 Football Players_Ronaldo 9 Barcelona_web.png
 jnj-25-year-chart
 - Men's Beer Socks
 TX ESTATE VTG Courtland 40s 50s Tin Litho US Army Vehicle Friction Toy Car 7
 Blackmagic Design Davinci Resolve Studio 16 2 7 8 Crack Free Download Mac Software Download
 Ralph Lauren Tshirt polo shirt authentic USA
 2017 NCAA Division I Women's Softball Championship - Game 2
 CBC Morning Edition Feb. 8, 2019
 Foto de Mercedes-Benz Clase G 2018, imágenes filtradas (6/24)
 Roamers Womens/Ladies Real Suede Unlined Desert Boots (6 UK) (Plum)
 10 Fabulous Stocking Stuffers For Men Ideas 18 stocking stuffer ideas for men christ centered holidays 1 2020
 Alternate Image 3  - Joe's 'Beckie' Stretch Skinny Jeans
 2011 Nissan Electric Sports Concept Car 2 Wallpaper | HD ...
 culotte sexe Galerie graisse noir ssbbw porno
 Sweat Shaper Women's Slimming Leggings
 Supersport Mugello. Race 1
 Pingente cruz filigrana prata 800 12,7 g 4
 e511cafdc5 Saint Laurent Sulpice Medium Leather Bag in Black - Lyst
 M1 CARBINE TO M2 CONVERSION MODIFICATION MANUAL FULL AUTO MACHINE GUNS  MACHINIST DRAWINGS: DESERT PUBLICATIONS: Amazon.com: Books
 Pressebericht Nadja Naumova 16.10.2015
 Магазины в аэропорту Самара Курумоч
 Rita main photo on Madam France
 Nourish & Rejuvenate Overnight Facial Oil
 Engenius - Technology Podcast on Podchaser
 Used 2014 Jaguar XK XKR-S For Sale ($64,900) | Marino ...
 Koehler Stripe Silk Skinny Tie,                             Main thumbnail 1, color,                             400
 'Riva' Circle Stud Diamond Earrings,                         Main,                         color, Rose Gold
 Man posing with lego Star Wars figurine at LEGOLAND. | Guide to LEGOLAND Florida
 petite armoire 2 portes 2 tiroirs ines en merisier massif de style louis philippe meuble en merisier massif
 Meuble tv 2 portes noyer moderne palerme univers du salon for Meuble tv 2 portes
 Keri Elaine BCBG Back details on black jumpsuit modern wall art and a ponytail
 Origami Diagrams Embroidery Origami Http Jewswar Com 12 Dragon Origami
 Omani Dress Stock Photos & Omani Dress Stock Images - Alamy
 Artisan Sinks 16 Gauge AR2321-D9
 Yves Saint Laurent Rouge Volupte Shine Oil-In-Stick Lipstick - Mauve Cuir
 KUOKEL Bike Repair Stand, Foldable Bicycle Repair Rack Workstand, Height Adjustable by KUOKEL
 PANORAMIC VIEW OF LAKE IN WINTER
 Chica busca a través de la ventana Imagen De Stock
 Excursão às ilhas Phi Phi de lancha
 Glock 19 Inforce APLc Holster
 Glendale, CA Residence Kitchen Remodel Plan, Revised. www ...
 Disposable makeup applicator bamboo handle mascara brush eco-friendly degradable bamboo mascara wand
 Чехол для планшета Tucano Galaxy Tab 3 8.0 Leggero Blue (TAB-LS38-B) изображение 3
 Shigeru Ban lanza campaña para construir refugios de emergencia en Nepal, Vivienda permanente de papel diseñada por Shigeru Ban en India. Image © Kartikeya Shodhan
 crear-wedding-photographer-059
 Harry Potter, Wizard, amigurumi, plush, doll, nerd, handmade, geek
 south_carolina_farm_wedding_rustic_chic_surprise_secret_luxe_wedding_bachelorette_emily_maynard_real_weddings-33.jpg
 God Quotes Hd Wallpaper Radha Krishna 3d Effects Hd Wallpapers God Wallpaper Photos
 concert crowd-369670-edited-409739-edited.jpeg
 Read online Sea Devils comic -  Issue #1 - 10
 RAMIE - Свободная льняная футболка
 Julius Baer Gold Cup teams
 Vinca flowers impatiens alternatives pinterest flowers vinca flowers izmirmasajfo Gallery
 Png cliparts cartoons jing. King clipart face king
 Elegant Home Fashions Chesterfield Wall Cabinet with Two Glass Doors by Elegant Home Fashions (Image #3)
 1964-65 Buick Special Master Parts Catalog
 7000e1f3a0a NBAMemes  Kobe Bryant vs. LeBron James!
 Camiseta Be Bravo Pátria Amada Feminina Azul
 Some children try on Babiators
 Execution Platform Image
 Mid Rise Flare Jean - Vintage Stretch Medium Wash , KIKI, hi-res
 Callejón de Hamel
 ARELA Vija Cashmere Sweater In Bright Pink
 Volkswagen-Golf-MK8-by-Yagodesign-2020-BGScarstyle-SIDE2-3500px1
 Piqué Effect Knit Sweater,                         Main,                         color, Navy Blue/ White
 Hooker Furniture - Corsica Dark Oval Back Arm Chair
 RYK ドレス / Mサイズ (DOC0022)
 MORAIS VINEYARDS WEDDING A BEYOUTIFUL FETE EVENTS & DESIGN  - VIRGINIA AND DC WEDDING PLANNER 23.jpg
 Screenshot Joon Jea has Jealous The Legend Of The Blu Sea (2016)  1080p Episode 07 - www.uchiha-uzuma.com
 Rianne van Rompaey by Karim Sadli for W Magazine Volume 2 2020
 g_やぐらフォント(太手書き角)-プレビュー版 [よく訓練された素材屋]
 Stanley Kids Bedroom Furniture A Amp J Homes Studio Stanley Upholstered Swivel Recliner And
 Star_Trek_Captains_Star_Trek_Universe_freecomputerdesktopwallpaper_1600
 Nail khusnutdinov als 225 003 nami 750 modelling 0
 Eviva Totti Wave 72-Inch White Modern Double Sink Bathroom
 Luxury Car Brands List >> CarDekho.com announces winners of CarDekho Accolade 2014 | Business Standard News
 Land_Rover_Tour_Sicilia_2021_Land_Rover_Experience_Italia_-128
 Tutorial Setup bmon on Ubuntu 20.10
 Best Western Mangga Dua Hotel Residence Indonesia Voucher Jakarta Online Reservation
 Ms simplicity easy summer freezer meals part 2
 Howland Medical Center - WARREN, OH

============

Exercise aim >> Reproduce verbatim the range of lines that opens the records and closes with the line containing "petite armoire 2". Omit everything after it.

Completed task >>
 Football Players_Ronaldo 9 Barcelona_web.png
 jnj-25-year-chart
 - Men's Beer Socks
 TX ESTATE VTG Courtland 40s 50s Tin Litho US Army Vehicle Friction Toy Car 7
 Blackmagic Design Davinci Resolve Studio 16 2 7 8 Crack Free Download Mac Software Download
 Ralph Lauren Tshirt polo shirt authentic USA
 2017 NCAA Division I Women's Softball Championship - Game 2
 CBC Morning Edition Feb. 8, 2019
 Foto de Mercedes-Benz Clase G 2018, imágenes filtradas (6/24)
 Roamers Womens/Ladies Real Suede Unlined Desert Boots (6 UK) (Plum)
 10 Fabulous Stocking Stuffers For Men Ideas 18 stocking stuffer ideas for men christ centered holidays 1 2020
 Alternate Image 3  - Joe's 'Beckie' Stretch Skinny Jeans
 2011 Nissan Electric Sports Concept Car 2 Wallpaper | HD ...
 culotte sexe Galerie graisse noir ssbbw porno
 Sweat Shaper Women's Slimming Leggings
 Supersport Mugello. Race 1
 Pingente cruz filigrana prata 800 12,7 g 4
 e511cafdc5 Saint Laurent Sulpice Medium Leather Bag in Black - Lyst
 M1 CARBINE TO M2 CONVERSION MODIFICATION MANUAL FULL AUTO MACHINE GUNS  MACHINIST DRAWINGS: DESERT PUBLICATIONS: Amazon.com: Books
 Pressebericht Nadja Naumova 16.10.2015
 Магазины в аэропорту Самара Курумоч
 Rita main photo on Madam France
 Nourish & Rejuvenate Overnight Facial Oil
 Engenius - Technology Podcast on Podchaser
 Used 2014 Jaguar XK XKR-S For Sale ($64,900) | Marino ...
 Koehler Stripe Silk Skinny Tie,                             Main thumbnail 1, color,                             400
 'Riva' Circle Stud Diamond Earrings,                         Main,                         color, Rose Gold
 Man posing with lego Star Wars figurine at LEGOLAND. | Guide to LEGOLAND Florida
 petite armoire 2 portes 2 tiroirs ines en merisier massif de style louis philippe meuble en merisier massif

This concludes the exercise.